# [Exercise]
Reproduce the listing word for word, leaving every picture behind.
Segment Start: Recorded information
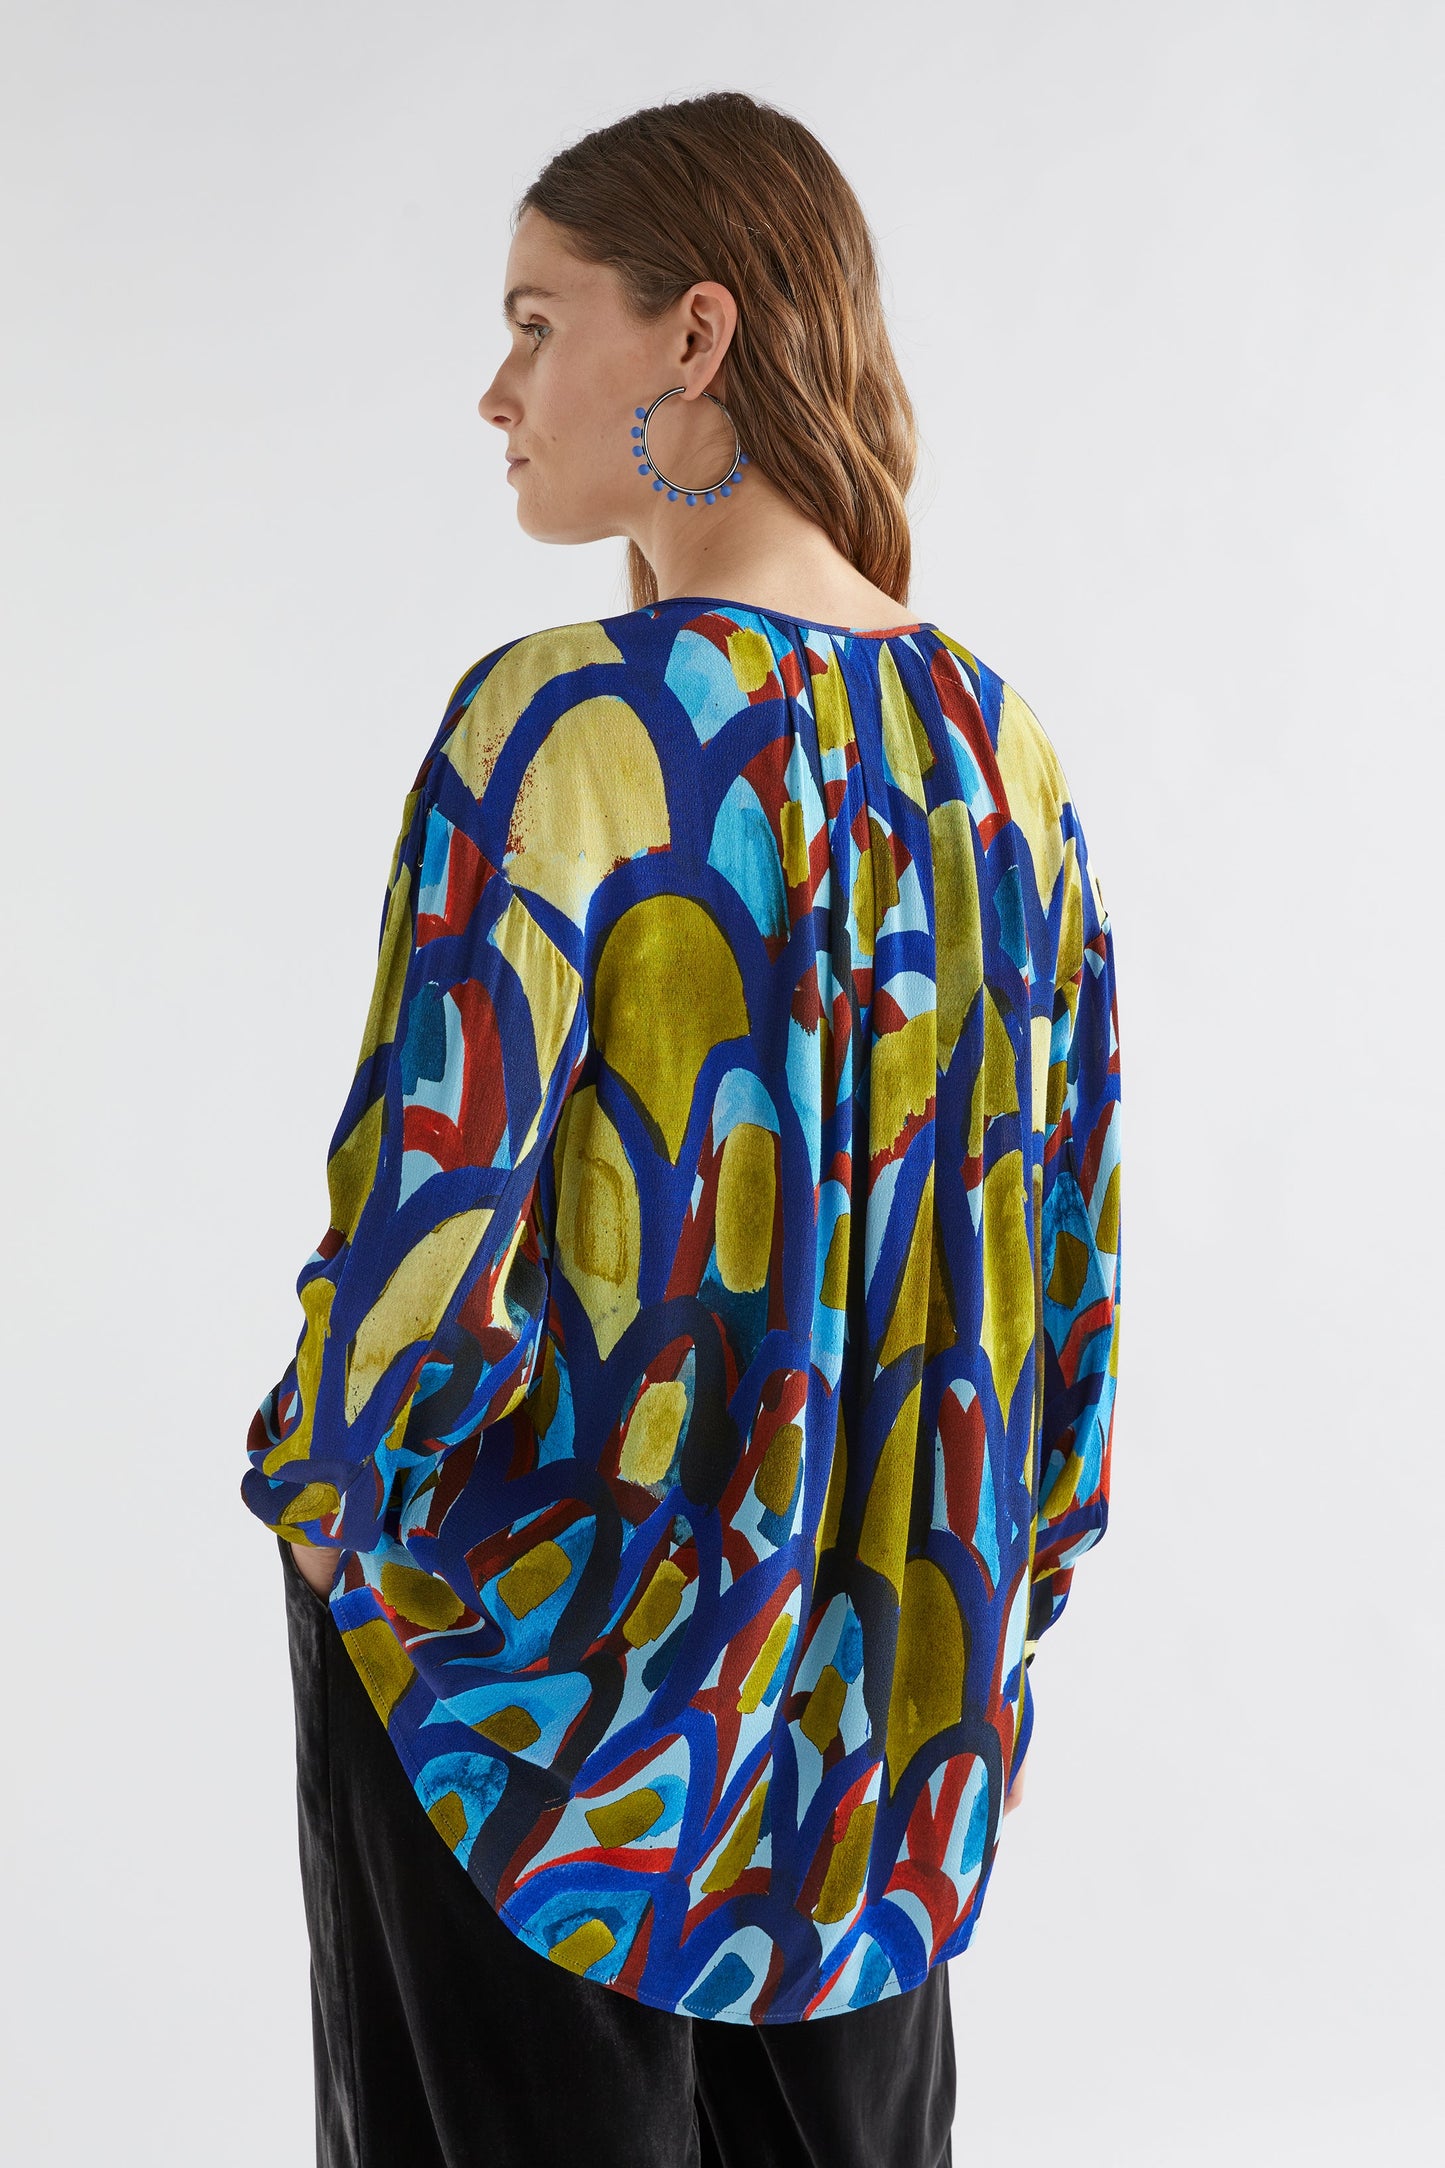 Galerie A-line Collarless Print Shirt with Back Pleat Detail Model Back | BUE PRINT
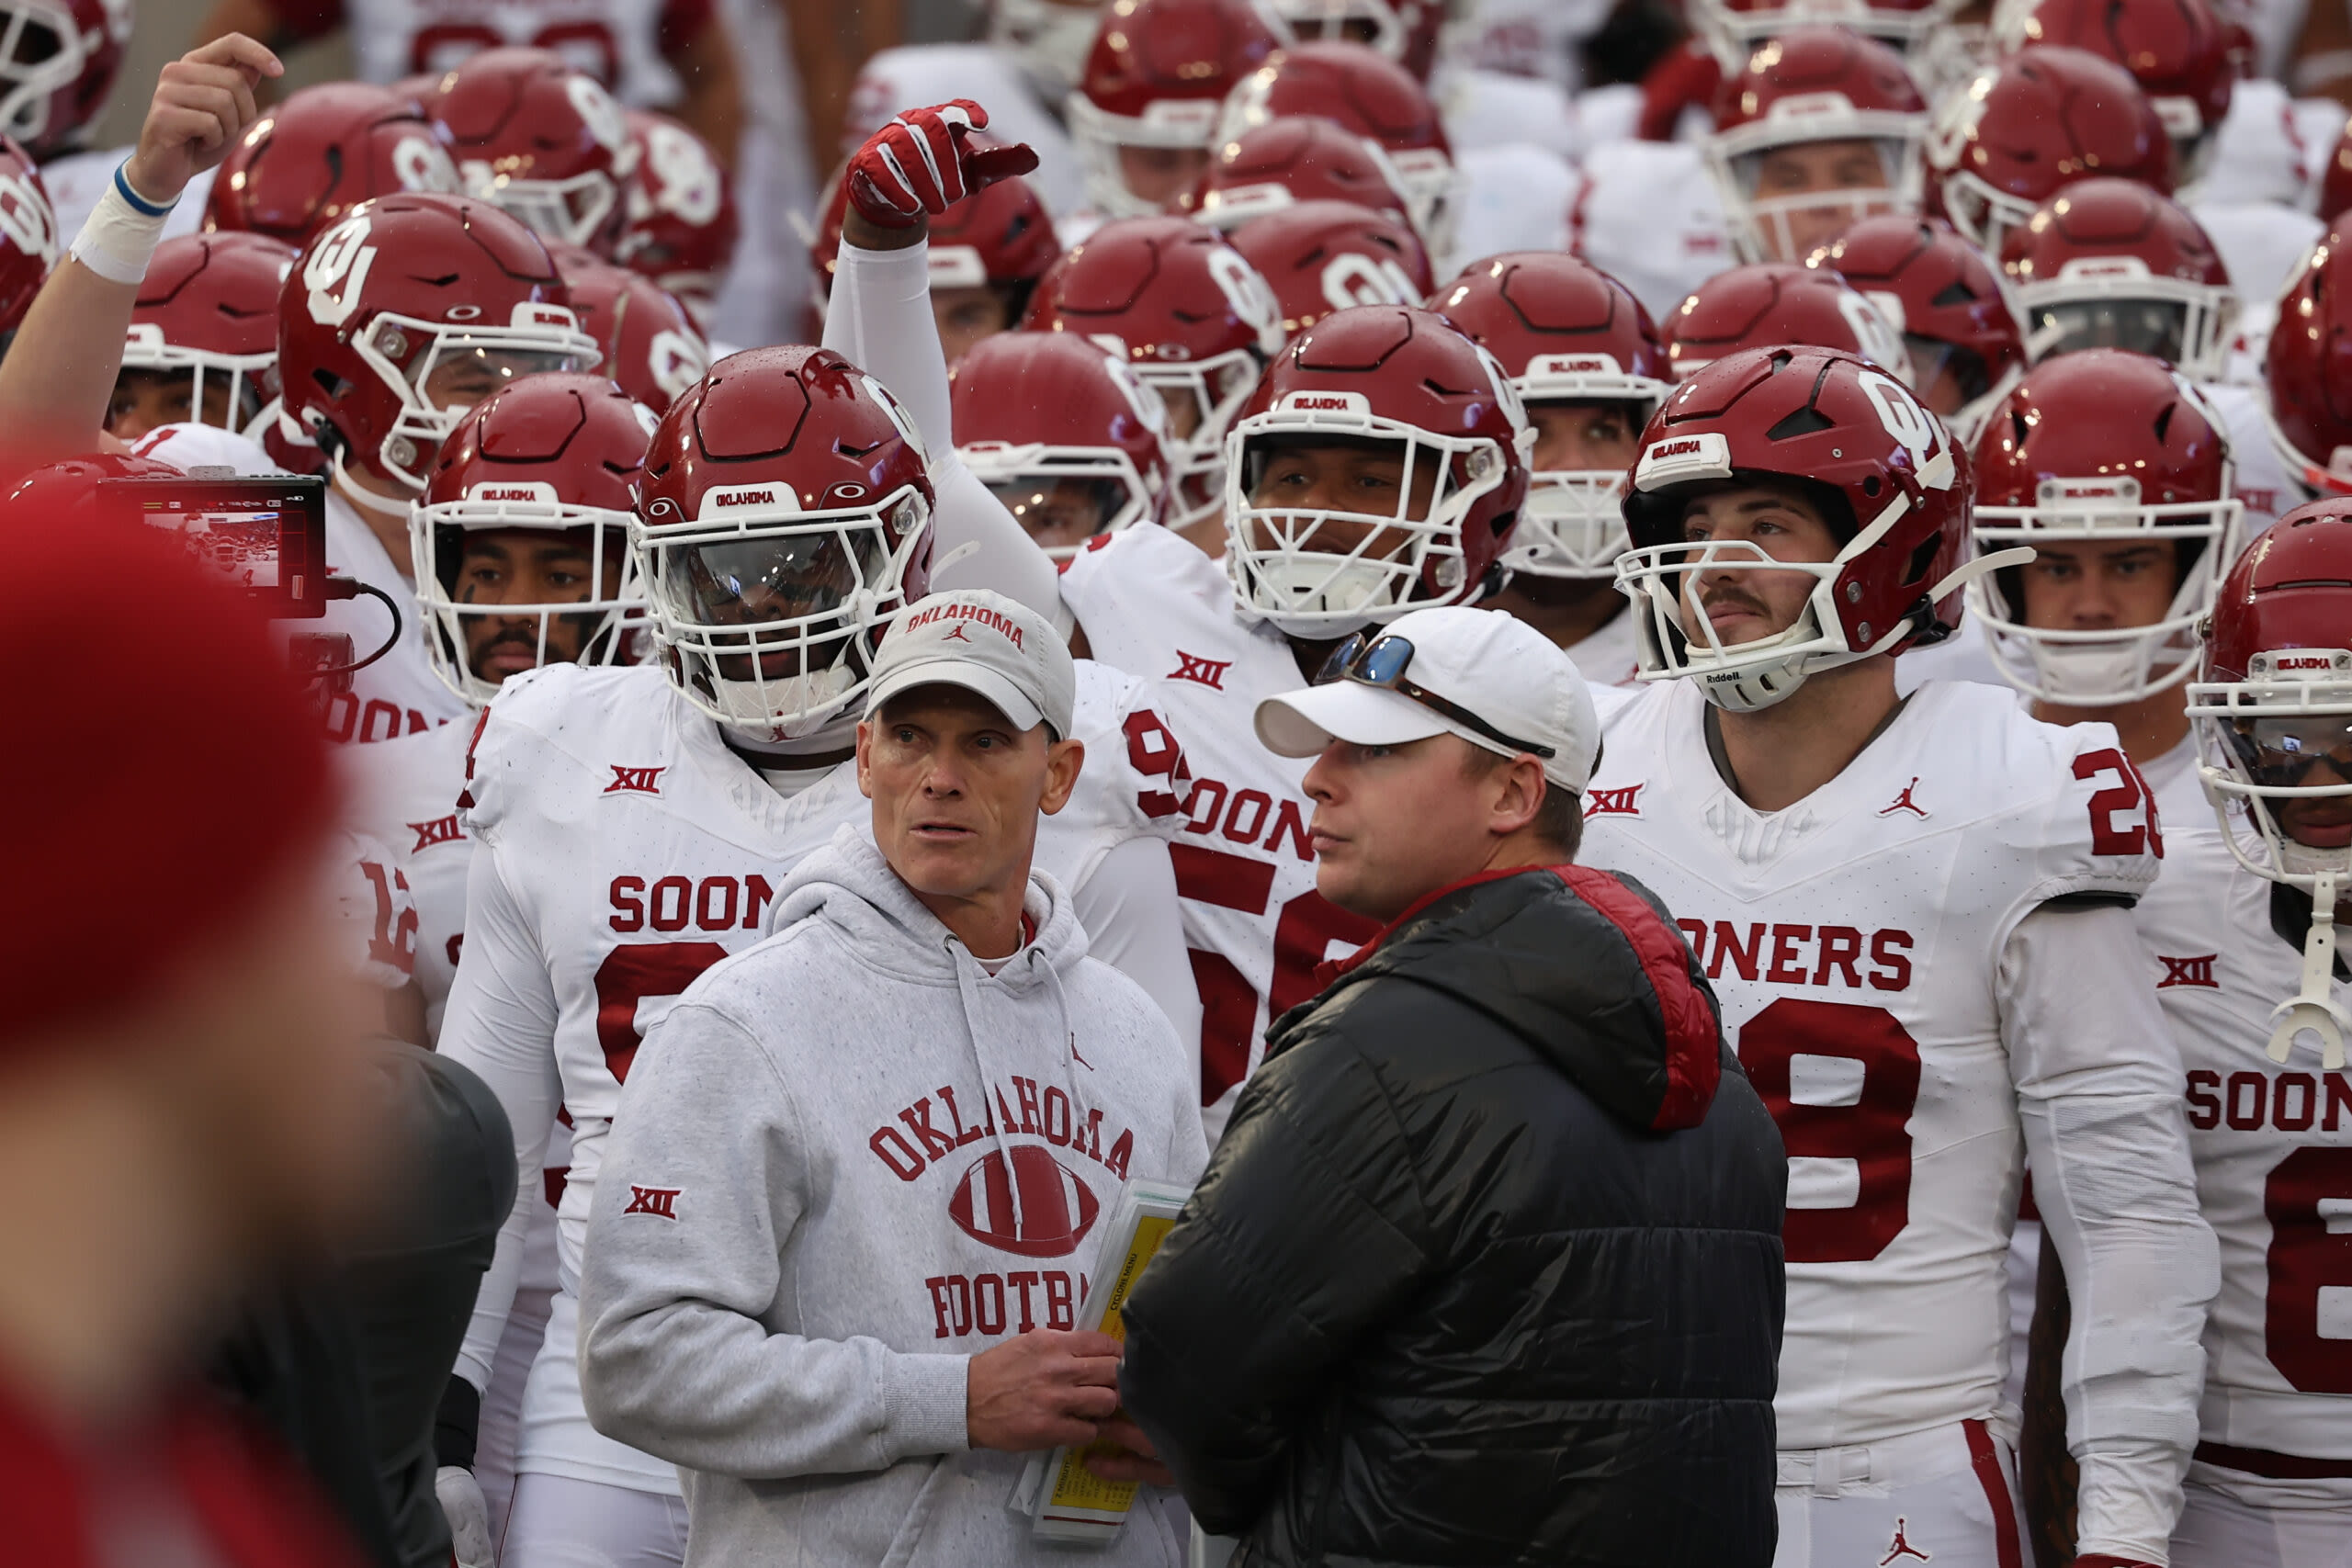 Are the Oklahoma Sooners overvalued in the ESPN Football Power Index?
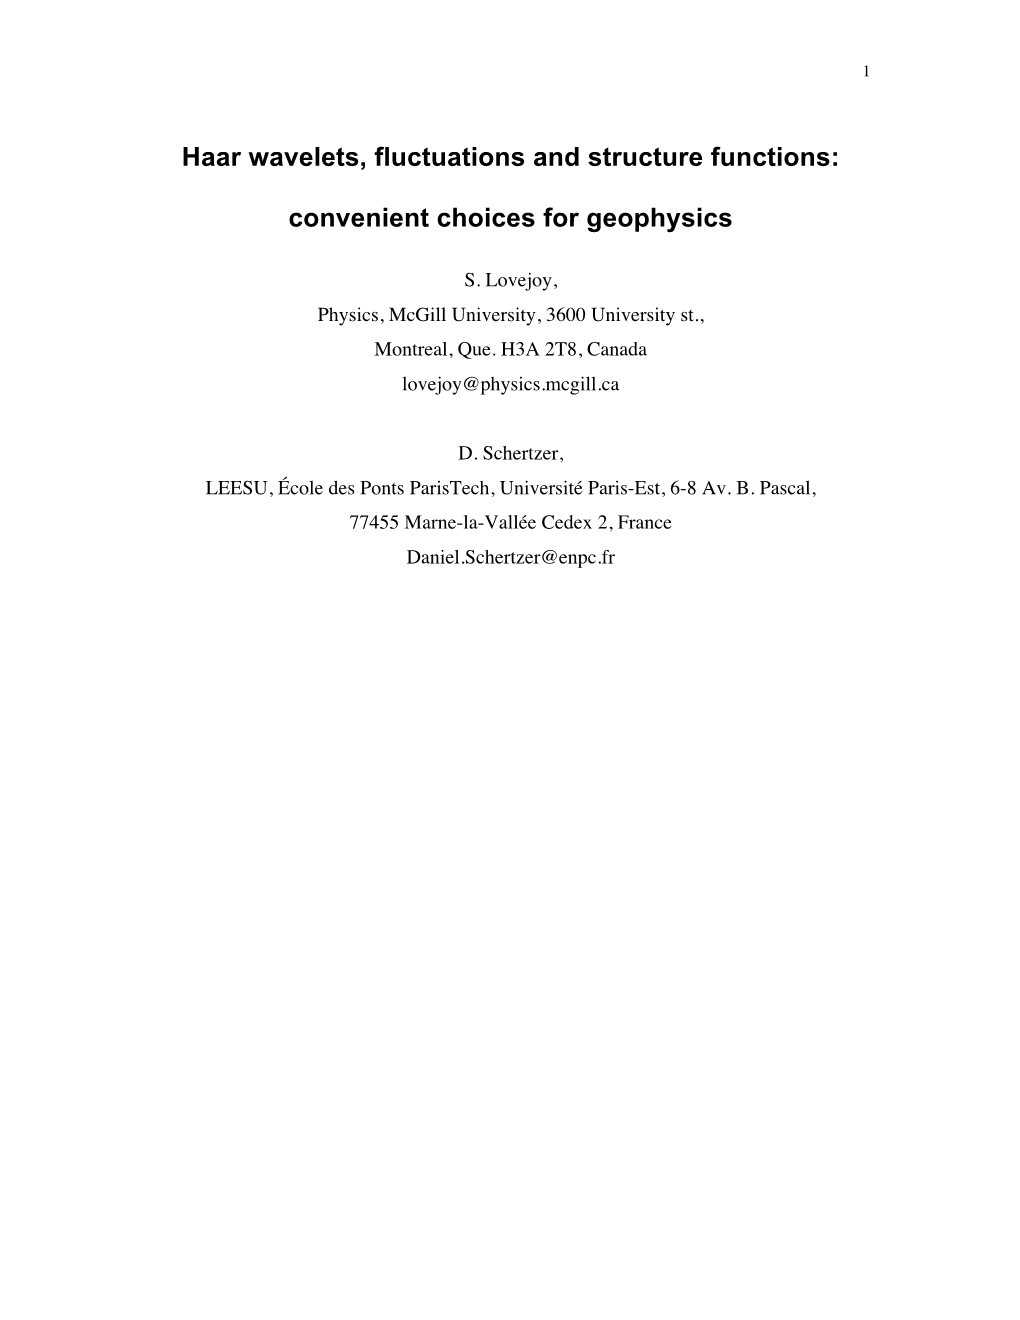 Haar Wavelets, Fluctuations and Structure Functions
Segment End: Recorded information
# [Response area]
 Galerie A-line Collarless Print Shirt with Back Pleat Detail Model Back | BUE PRINT
 Are the Oklahoma Sooners overvalued in the ESPN Football Power Index?
 Haar Wavelets, Fluctuations and Structure Functions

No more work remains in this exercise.